Ли Страсберг: его метод и жизнь
Американский режиссер Ли Страсберг, последователь школы Станиславского, стал широко известным на 73 году жизни после съемки в эпизодической роли культового фильма — «Крестный отец-2». TopCrop.ru приводит текст 1981 года из журнала «Хорайзон» о педагоге многих известных актеров.
В конце лета 1981 года нью-йоркской студией «Астория», находящейся в пятнадцати минутах езды от центра города, на три недели завладела киносъемочная бригада фильма «Помирать — так с музыкой». В низком, похожем на пещеру помещении студии поставили несложную декорацию. Вокруг нее осветители и звукотехники установили лампы, рефлекторы, микрофоны, разложили километры толстого кабеля. Главные роли в фильме исполняли Джордж Бернс и Арт Карни — знаменитые комики кино и телевидения, а также Ли Страсберг.
— Ли Страсберг? — удивленно переспросил охранник у входа в студию. — Кто такой Ли Страсберг?
Хотя имя это не очень известно широкой публике, в актерской среде оно звучит, как легенда. Страсберг — синоним метода. А метод ассоциируется с такими представителями голливудской элиты, как режиссер Элиа Казан, актеры Ли Кобб, Марлон Брандо, Джеймс Дин, Шелли Уинтерс, Морин Стейпл- тон, Род Стайгер, Поль Ньюман, Джоанн Вудуорд, Эллен Бёрстин, Дастин Хоффман, Аль Пачино, Роберт де Ниро и др. Все они были учениками, а если не учениками, то последователями Страсберга.
Страсбергу сейчас почти восемьдесят лет. Полжизни он посвятил воспитанию наших лучших киноактеров. Десять лет назад он начал новую жизнь: опять женился, стал отцом двух детей, основал свою драматическую школу, приступил к работе над несколькими книгами и начал сниматься в кино.
«Только не называйте это карьерой, — протестует он. — Я слишком стар для новой карьеры. У меня есть только одна карьера, которой я посвятил всю свою жизнь — изучение механизма талантливой игры. Фильмы — это только забава.
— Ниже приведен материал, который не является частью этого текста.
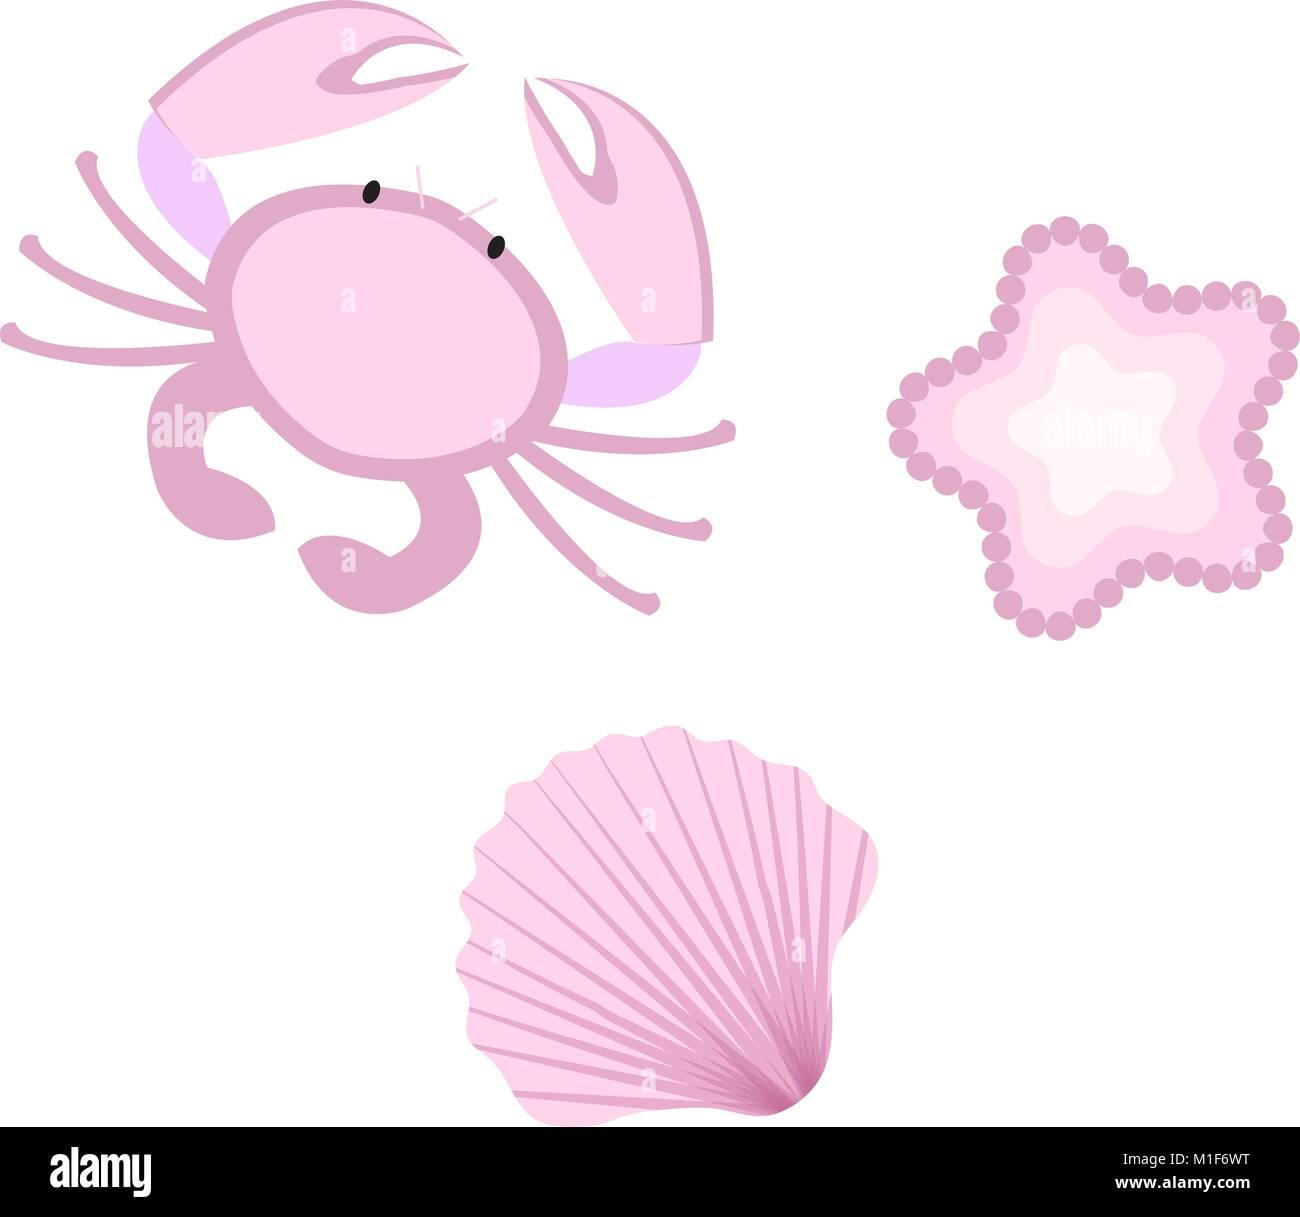 Erfreut Süße Krabbe Malvorlagen Fotos - Beispielzusammenfassung ...

Все началось с того, что Франсис Форд Коппола предложил ему роль во второй части своего фильма «Крестный отец». Он сыграл эту роль и был представлен к награде Американской академии киноискусства. Его засыпали предложениями, и с тех пор он снимался в пяти фильмах; три из них вышли на экраны совсем недавно: «Променад», «Правосудие» и «Помирать — так с музыкой».
«Время от времени мы часто слышим ошибочное утверждение, что чем меньше актер думает, тем лучше, — вздыхает Страсберг. — Но это относится вообще ко всем. Есть разница между заученными знаниями и способностью разрешать проблемы. Если у актера нет этой способности, то он никогда не станет мастером».
Хотя Страсберг обычно говорит тихо, его голос иногда вдруг оживляется и крепнет. Он охотно отвечает на все вопросы. но все же, каким бы ни был вопрос, ответ как-то сам собой возвращает нас к его любимым темам: о том, что невозможно составить учебник для актеров, что нужен всеамериканский театр и что часто неправильно толкуют его метод.
«Зная, что он философ театральной игры, можно подумать, что с ним трудно работать, — говорит 28-летний писатель и режиссер фильма «Помирать — так с музыкой» Мартин Брест. — Но в действительности, как раз наоборот: он очень мягкий и охотно принимает советы».
Ли Страсбергу было семь лет когда в 1908 году он с матерью прибыл на остров Эллис-Айленд, приемный пункт для всех иммигрантов. Его первым воспоминанием было ожидание, пока доктора проверили его глаза, сделали пометку мелом на его курточке: они боялись, что у него глаукома.
Страсберг прожил 10 лет в еврейском районе юго-восточной части Манхэттана. Он начал играть в еврейской театральной труппе еще подростком, но актером решил стать, когда ему уже было двадцать лет. «Это для меня было главным образом развлечением, — говорит Страсберг. — Здесь я познакомился с моей первой женой. Хорошо, что я тогда не интересовался по-настоящему театром, потому что я как раз пережил ужасное фиаско на сцене.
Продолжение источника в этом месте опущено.